Trouble doing subqueries with Ecto

I have a Blog app with a Newsfeed. It works like this:

  • Users can submit Posts.
  • Users can follow other Users.
  • When a user submits a Post, an item in the Newsfeed table is added.
  • Users can see a newsfeed of Posts that have been submitted by Users they are following.

I want to use Ecto.Query to get a list of newsfeed items from users that a given user is following.


Quick background. Here are the objects:

User

mix phx.gen.json Accounts User users email:string password:string

Post

mix phx.gen.json Content Post posts title:string content:string user_id:references:users

(users and posts have a has_many: and belongs_to: relationship.)

Follow

mix phx.gen.json Accounts Follow follows following_id:references:users followed_id:references:users

(When user A follows user B, a new Follow entry is created where following_id points to A, and followed_id points to B.)

Newsfeed

mix phx.gen.json Content Newsfeeditem newsfeeditems type:string, user_id:integer, content:string

Also, I am using Ecto v2.2.6, Phoenix 1.3


Now I want to query this stuff. For me to get a list of Newsfeeditems for a given user, it’s easy:

import Ecto.Query

query =
  from n in Newsfeeditem,
    where: n.user_id == ^user_id

Let’s say I’m user 1, and I am following users 2, 3 and 4. There are three entries in the follows table. To get all the corresponding newsfeeditems for those users, the query would look something like this:

query =
  from n in Newsfeeditem,
    where: n.user1_id in [2,3,4]

I want to make it dynamic. Here’s where I am lost. I would like to do something that resembles this:

subquery =
  from f in Follow,
    where: f.following_id == 1,
    select: f.follower_id

query =
  from n in Newsfeeditem,
    where: n.user_id in (Repo.all(subquery))

Obviously this doesn’t work, but I’m not sure how to structure these things correctly.

How can I select this via subquery? (Note I’m looking for the subquery solution specifically, but bonus points if there is a better way)

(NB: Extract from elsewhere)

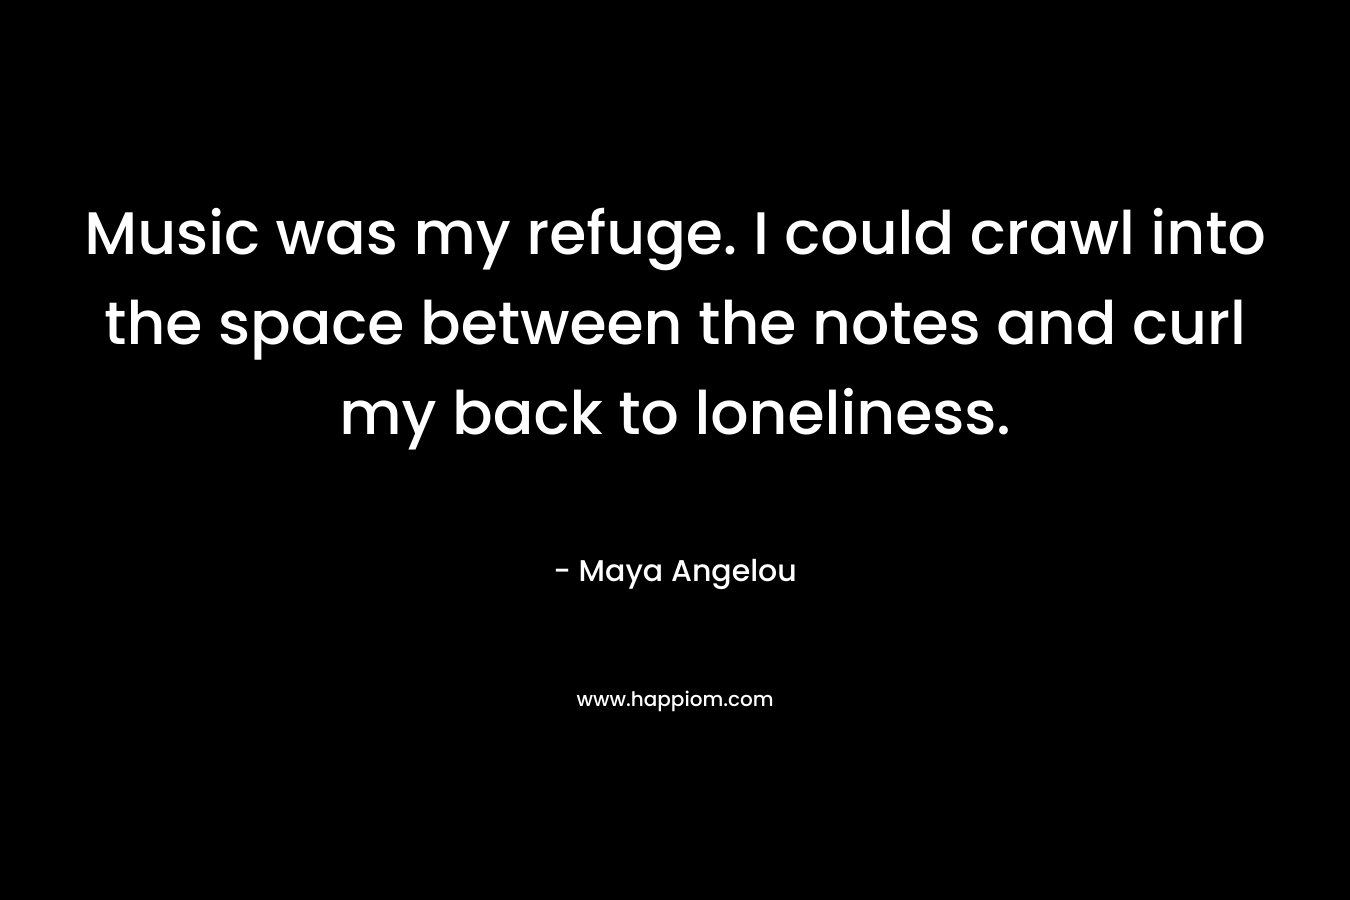 Music was my refuge. I could crawl into the space between the notes and curl my back to loneliness. – Maya Angelou

If using PostgreSQL I’d use an array aggregation function (as I recall it is literally called array_agg) then use the ‘test if in array’ call to test if the id is in that array aggregation. Though honestly in this case 2 query calls is not too bad unless they have a truly monstrous amount of callers (in which case the subquery would be better as a materialized view, perhaps split on some hash, but that is only if it does get truly monstrous in size, so not yet ^.^). :slight_smile:

You should be able to just join across them though I’d think?

1 Like

Yeah, I’m using joins to pull this off, but I want to know what the other ways to do it are :slight_smile:

This is what the join looks like:

query =
  from f in Follow,
    where: f.following_id == 1,
    join: n in Newsfeeditem,
    on: n.user_id == f.follower_id,
    select: n

Well any join can become a subquery, just slower that way. ^.^
Try for joins when at all possible, you can always refine them the majority of the time in their ON if needed.